Elas caminharam e no saguão encontraram com Hiram e Leroy. Rachel correu e abraçou seus pais. As outras ficaram apenas observando a interação. Até que eles se separaram e Hiram se direcionou ao restante.
– Meninas! Vocês estão cada dia mais lindas! – ele abraçou cada uma, deixando Quinn por último, a encarando – Quinn Fabray.
– Hiram querido, não... – advertiu Leroy.
– O que, meu bem? Só estou analisando a minha nora.
– Pai! – exclamou Rachel, enquanto Quinn tossia nervosamente, arrancando risadas das outras – Não é o momento, tudo bem? E eu e Quinn não temos nada oficial.
– Como assim não tem nada oficial? – Hiram encarou a loira novamente – Minha estrelinha não é mulher de ficadas, Srta. Fabray.

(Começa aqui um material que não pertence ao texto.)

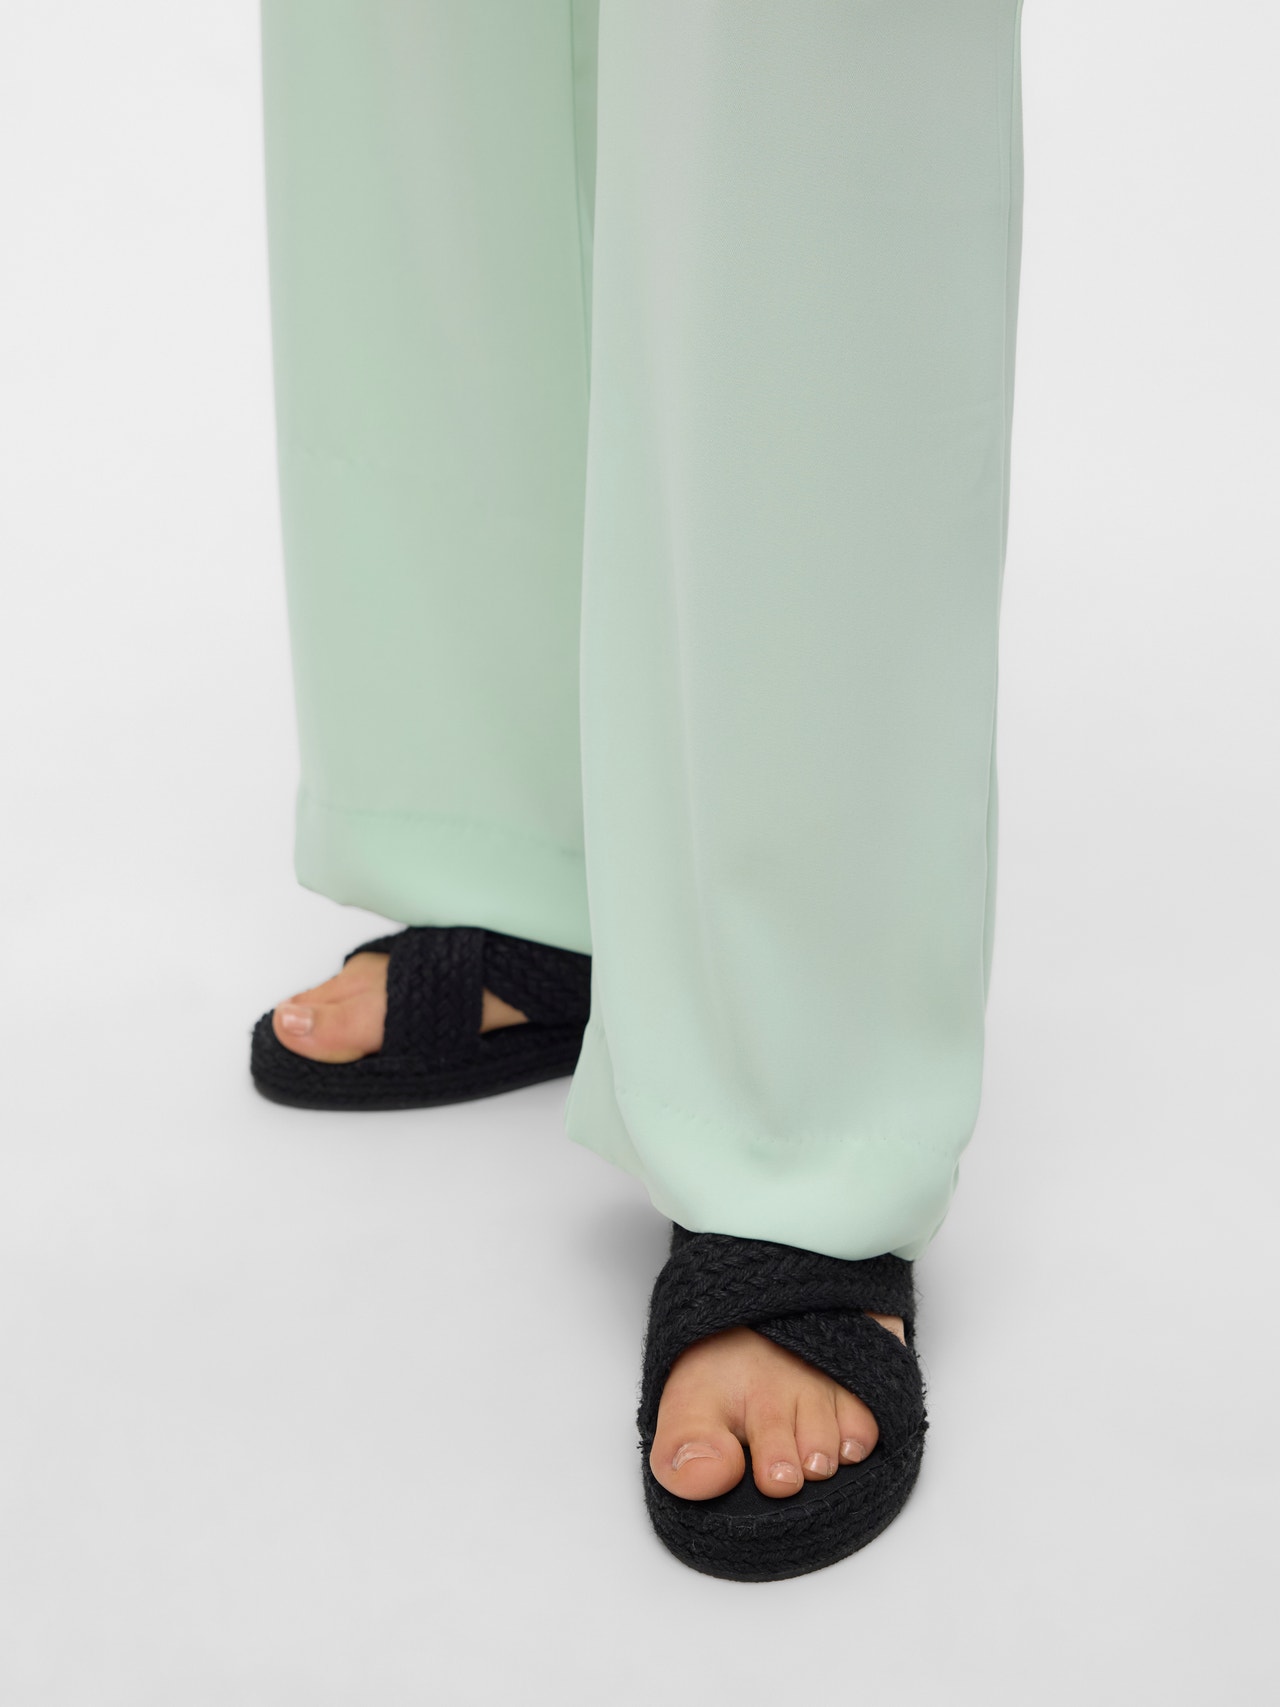 Vero Moda VMGISELLE Pantalons -Celadon - 10295598

– Pai! – exclamou a morena novamente.
– Estrelinha, é melhor irmos antes que a Quinn tenha um troço e caia dura aqui no meio do saguão do aeroporto – disse Leroy – Vamos querido, depois você pode intimidar a nossa futura nora.
Quinn engoliu seco ao receber mais uma olhada de Hiram que logo em seguida foi para o lado do seu marido, todos se encaminhando para fora do aeroporto. Rachel se aproximou da loira.
– Me desculpa, Quinnie. Pai é extremamente protetor, mas saiba que ele não morde – ela segurou uma das mãos da loira.
– Tudo bem, Rach. Eu só não esperava essa recepção... – ela sorriu.
– Eu farei com que ele se comporte. Prometo.
– Tudo bem, não se preocupe com isso – disse Quinn passando o braço pelos ombros da morena e beijando sua testa.
– Você ficará lá em casa, não é? – perguntou.
– Se for a sua vontade, sim. Mas eu quero visitar minha mãe...
– Agora? Eu posso ir com você...
– Não agora. E eu adoraria que você fosse...
Elas sorriram apaixonadas uma para a outra até serem interrompidas por Santana.
– Vamos logo! Eu estou passando mal com tanto açúcar!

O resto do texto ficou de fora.